# New girl from Vegas!



## LongbowTurtle (Oct 22, 2009)

I just want to say Hello and I hope to learn much from everyone. I am new to the sport. I picked a longbow a few weeks ago for the first time and shot eight bullseye out of 10 shots. I was so excited and enjoyed it so much that I want to keep it up.:wink: any advice for beginner longbow shooters is Greatly appreciated.
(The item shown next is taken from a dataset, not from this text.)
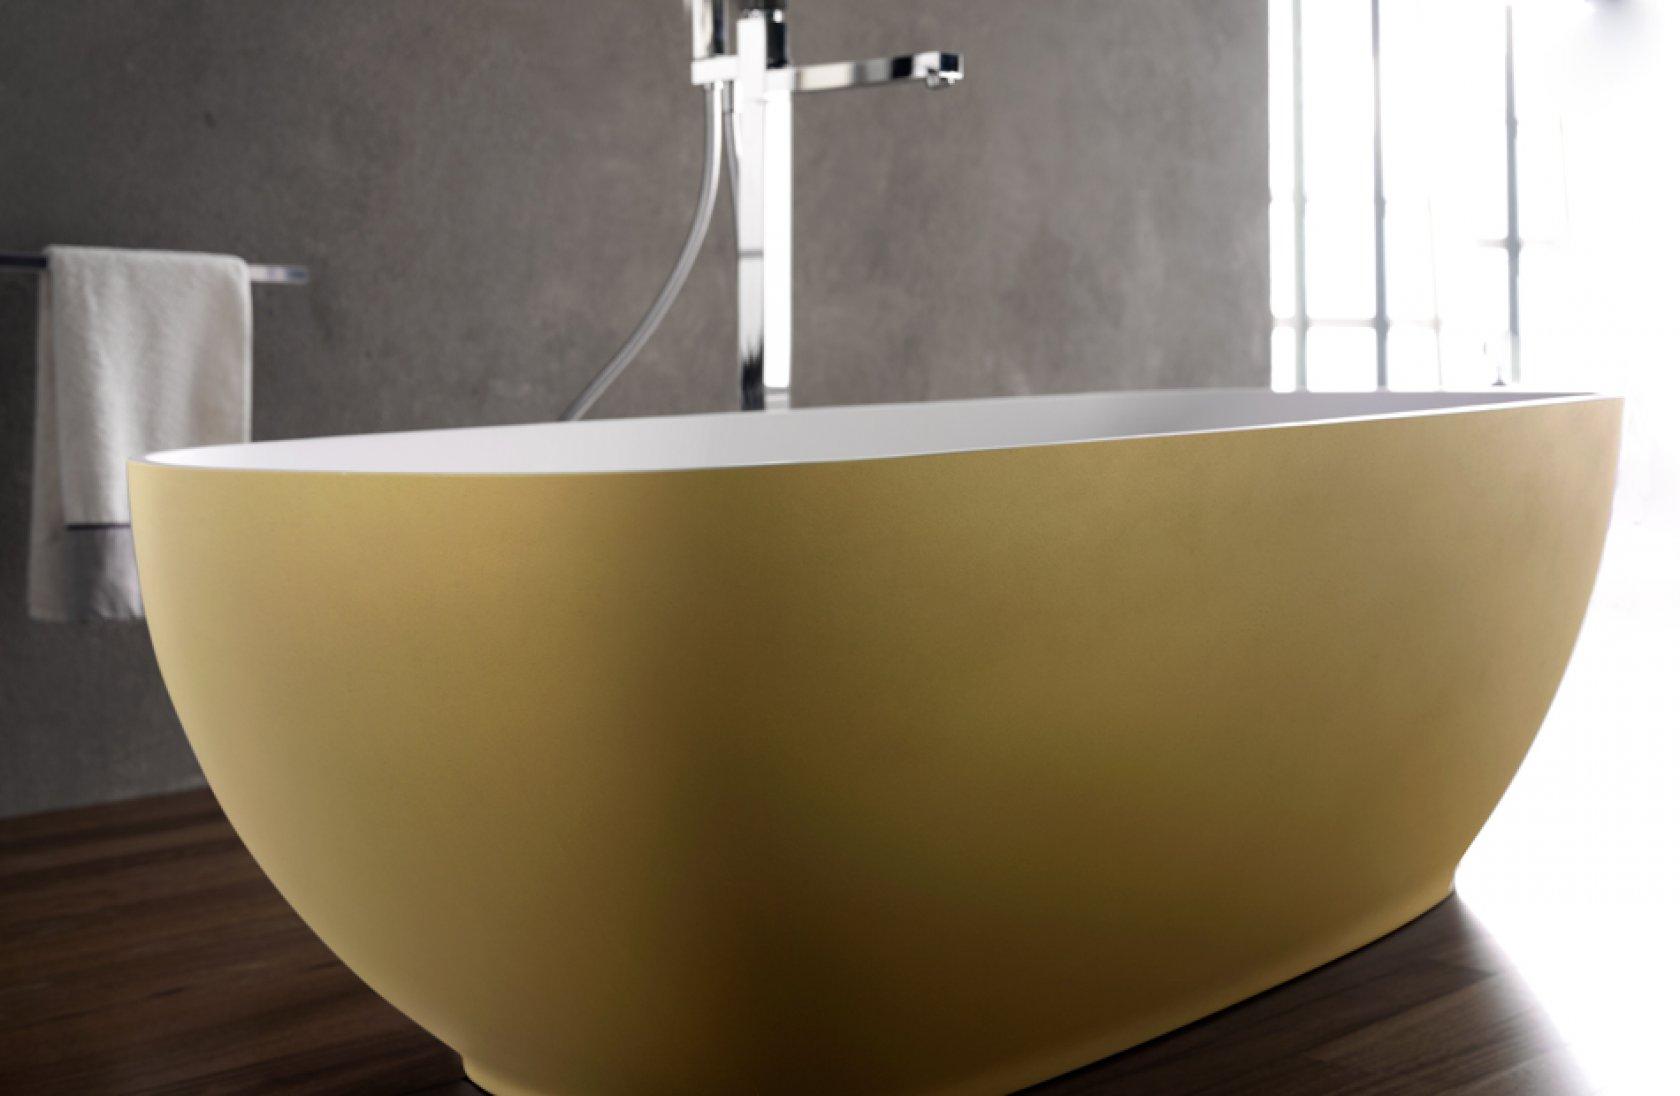 Guscio Vasca Da Bagno Prezzi : Blubleu vasche da bagno vasche da bagno edilceramiche di maccanò

Thanks.


----------



## wicked1Joe (May 19, 2009)

Welcome to AT:thumbs_up


----------



## jva54 (Dec 14, 2005)

Welcome to AT!!  :wave:


----------



## sawtoothscream (Apr 19, 2008)

welcome to AT. alot of good info.

sounds like your a natural.


----------



## Tim Roberts (Jul 13, 2002)

:wav: :yo: *G'day.*







to *Archery Talk* LongbowTurtle. Have fun here.


----------



## dmills37 (Jul 8, 2009)

*welcome*

welcome to AT:beer:


----------



## Dthbyhoyt (Dec 4, 2004)

:welcome: 2 ArcheryTalk


----------



## rycountryboy (Feb 21, 2008)

:welcome: to AT


----------



## LongbowTurtle (Oct 22, 2009)

Thanks for the warm welcome.


----------



## comancheranch (Aug 26, 2008)

Welcome to Archery Talk LongbowTurtle. If I can help in any way let me know.


----------



## cougarslayer (Aug 24, 2009)

*At*

Welcome to AT. Enjoy! :thumbs_up


----------



## South Man (Jul 12, 2008)

welcome aboard!


----------



## BWiz (Dec 15, 2008)

:welcomesign: to AT!!


----------